Sunday, January 30, 2011

Custom Heat Sinks

I bought the HobbyCNC kit that included a driver board, stepper motors, power supply and assembly instructions because I knew I didn't have the knowledge to select the components and assemble it all myself. I had considered a cheaper driver board based on a TB6560 that was readily available on eBay but I just didn't know enough about the power requirements nor did I have any idea how I'd put it all together in an appropriate case. But the big problem with the TB6560 was that there seemed to be little documentation and zero support. The HobbyCNC company has a Yahoo group to support their product and that was enough for me to choose it. The fact that they had nearly all the components I would need in one package was icing on the cake.

I knew up front I would be deviating from the plans. I would not be using a computer with a parallel port to communicate with the driver. Instead, I'd be using an Arduino microcontroller. In my last post, I talked about the opto-isolator circuit I am building. Normally, the signals to the driver board get their power from the computer, not the driver. It's the computer, or in my case, the Arduino, where the signal originates that provides the power for the signal. The electricity flows across to the driver, runs around the circuit, then comes back through the ground wire. This ground is common to both the computer and the driver, hence it is the electrical connection through which Bad Things can happen to my computer if the driver and it's 32 volts of power should go south. So the opto-isolator provides the protection I need.

This means the power (electricity) from the computer does not go to the driver and back, just to the opto-isolator and back. The side of the isolator circuit where the driver is needs to have a power source to "reconstitute" the signal that comes across the void in the form of light. It's not like a solar cell that generates electricity when the light hits it. So I needed a 5V power source. Since the driver board logic runs at 5V, it seems a no-brainer to tap off this to power the isolator. So I posed the question to the support group, where is the best place to get 5V from? To my surprise, the response was generally, "You don't want to do that". It was suggested that I use some other source, like a "wall wart" which I really didn't want to do. It's bad enough my transformer doesn't fit in the case. The "help" I got was pretty terse - no real explanation for why so I had to do some work to understand things.

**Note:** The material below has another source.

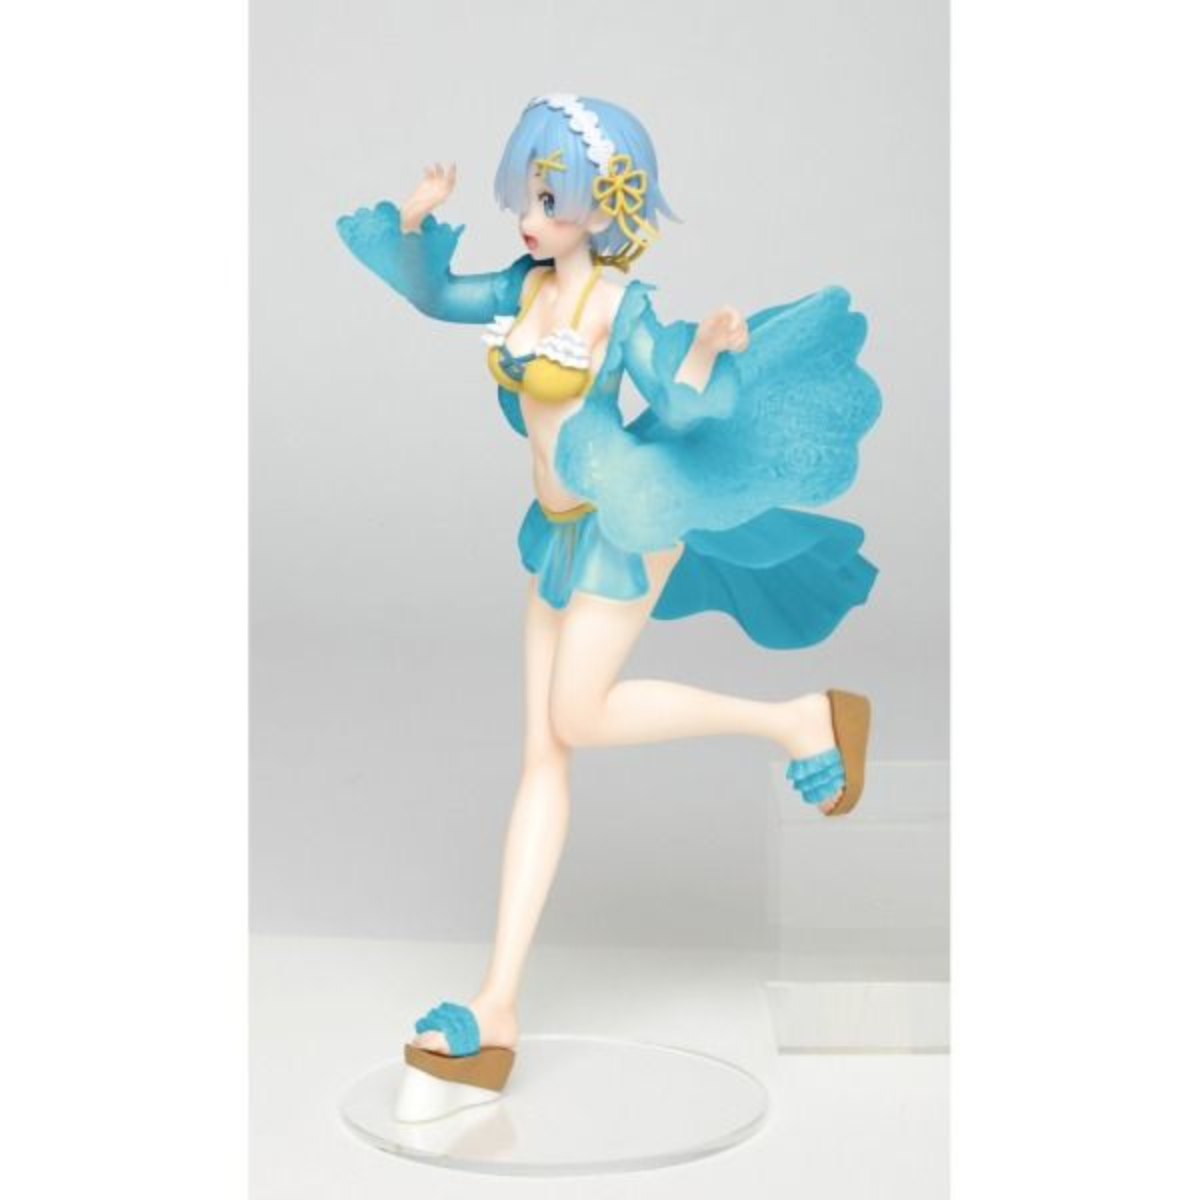 Re: Zero Starting Life in Another World Precious Figure "Rem" (Original Frill Swimwear Ver.) Renewal Edition-Taito-Ace Cards & Collectibles

Ultimately I learned that the limiting factor was the 5V regulator on the EZ Driver. This is in the form of a TO220 package that has a small, thin metal "tab" that provides for minimal heat dissipation. According to some calculations I don't understand, this regulator is near the edge of its ability to dissipate heat. I couldn't get anyone to tell me how I could remedy this, I asked if putting heat sinks on it would take care of it, but apparently no one wanted to be responsible for what happens. I finally got some help from someone who contacted me outside the group and said the worst that can happen is the thermal protection circuit would shut it down.

So I figger, if heat's the problem I'll just put heat sinks on the 24V and 5V regulators. I looked them up online. Radio Shack sells 2 varieties for $1.50 or $2.00 each. No sweat, I'll buy a couple and slap 'em on. I went to "The Shack" by my house and found what I needed. I was surprised to find them to be much bigger than I thought they would be. I was advised that since the 2 regulators were at different potentials, the heat sinks should not touch each other, nor anything else. These Radio Shack monsters were pretty close to touching each other, but the real problem was installing them without obstructing access to other components, particularly one of the variable resistors for adjusting the stepper motor current. So clearly not going to work.

Well a working manual milling machine and a box of 1/2 inch aluminum stock was just asking to be made into heat sinks, so who am I to say no. 2 hours later I had 2 custom heat sinks. Here they are next to a TO220 package and the Radio Shack heat sink:


And here they are installed:


So I'll return the Radio Shack heat sinks I paid $3 for. I'm not a great machinist. At a modest $20 an hour, I figure this is a $40 pair of heat sinks. But they fit just right.